My mother, in her biography of my father, wrote, "Cecil said when a baby was due the boys were sent off to stay with a relative who ran the Missions to Seamen somewhere down in the Thames dockland area. It was a gloomy house next to the Mission to which they had to go for services.
"Cecil used to tell of arriving home from such an exile and going into the sitting room and just being stopped in time from sitting on the new baby lying on the couch. He said it was Hilda, and he was always devoted to her.
"They were alike, in build and complexion, Frank and Kenneth being more thick-set, and Dolly the odd one out, dark with brown eyes."
In this picture, taken at Wanstead flats, Hilda is at right with Edith centre and Dolly second from left.
I know little of Hilda's early life until she started work, when she continued to live at home. As far as I know, she joined her oldest brother, Frank, in the Prudential insurance company right from the start. She was certainly working for the Prudential when her mother died in 1955. By 1956, when we spent our summer holiday in Cornwall, Hilda had a flat at Hassocks which was near where her sister Dolly and Dolly's husband Dick lived in Brighton, and Hilda travelled up to London each day with Dick.
Hilda was very elegant, with good dress sense. My mother wrote that, when Cecil returned to Zanzibar from home leave in February 1937 when they were engaged, and spent a couple of days in Zanzibar before starting work in Mombasa, "....he brought with him the engagement ring he had purchased with Dick's help, two diamonds on a twisted white gold band, known as a 'kiss ring', and a lovely evening gown which Hilda had chosen, ice blue with diamante straps and a little train...."
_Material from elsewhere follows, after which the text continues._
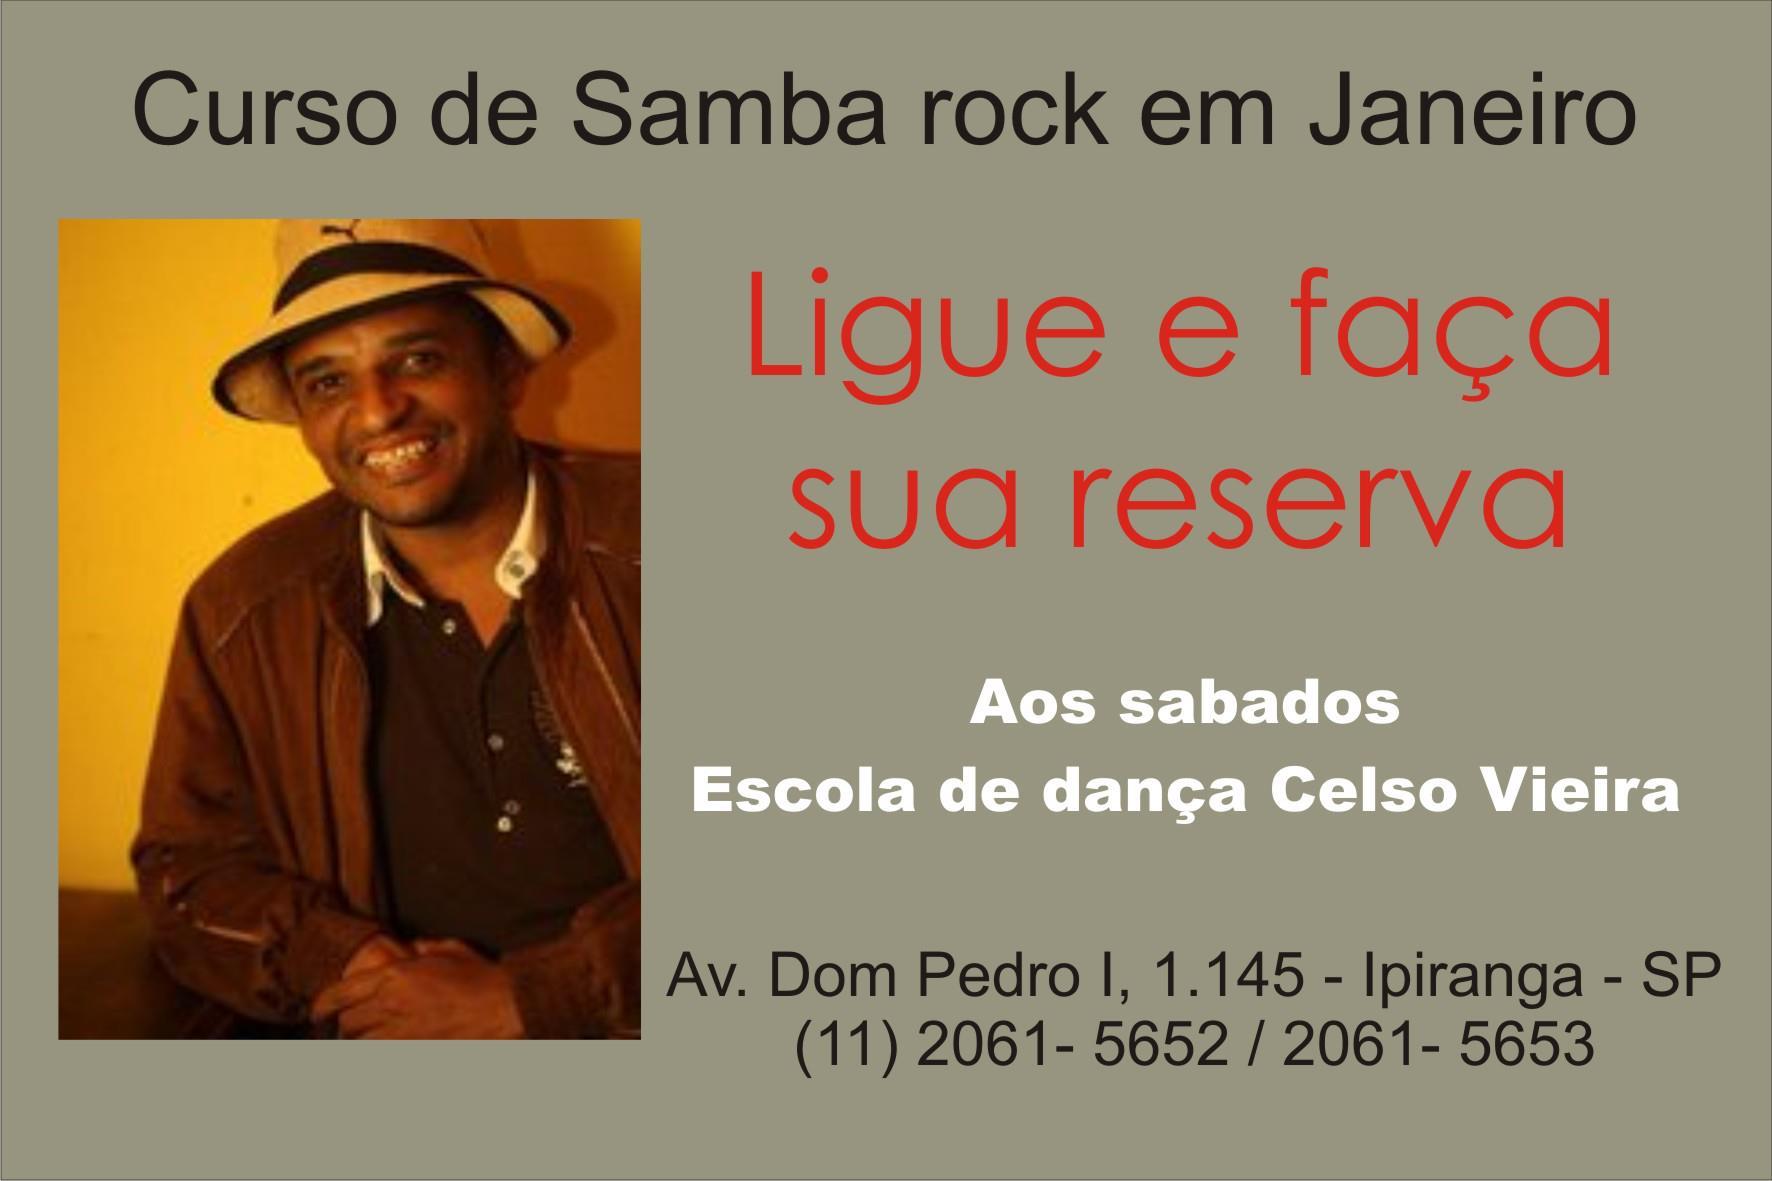 Curso de samba rock em janeiro com o professor Moskito

Hilda is seen here with her mother.
When I was christened in the cathedral in Dar-es-Salaam, my father insisted on being a godfather, the other being my mother's brother Sandy, while Mona Dunlop and Hilda were my godmothers, even though none of these could be present.
Hilda died in 1958. My mother wrote,"It was obvious that Cecil was very upset after the loss of Hilda as they had always been great friends, and it had been very sad to see Hilda dying of cancer. She had an operation in the Brighton hospital where Elsie Maynard, my old friend, was matron, and Elsie wrote to me to say that there was little hope, so Cecil was prepared."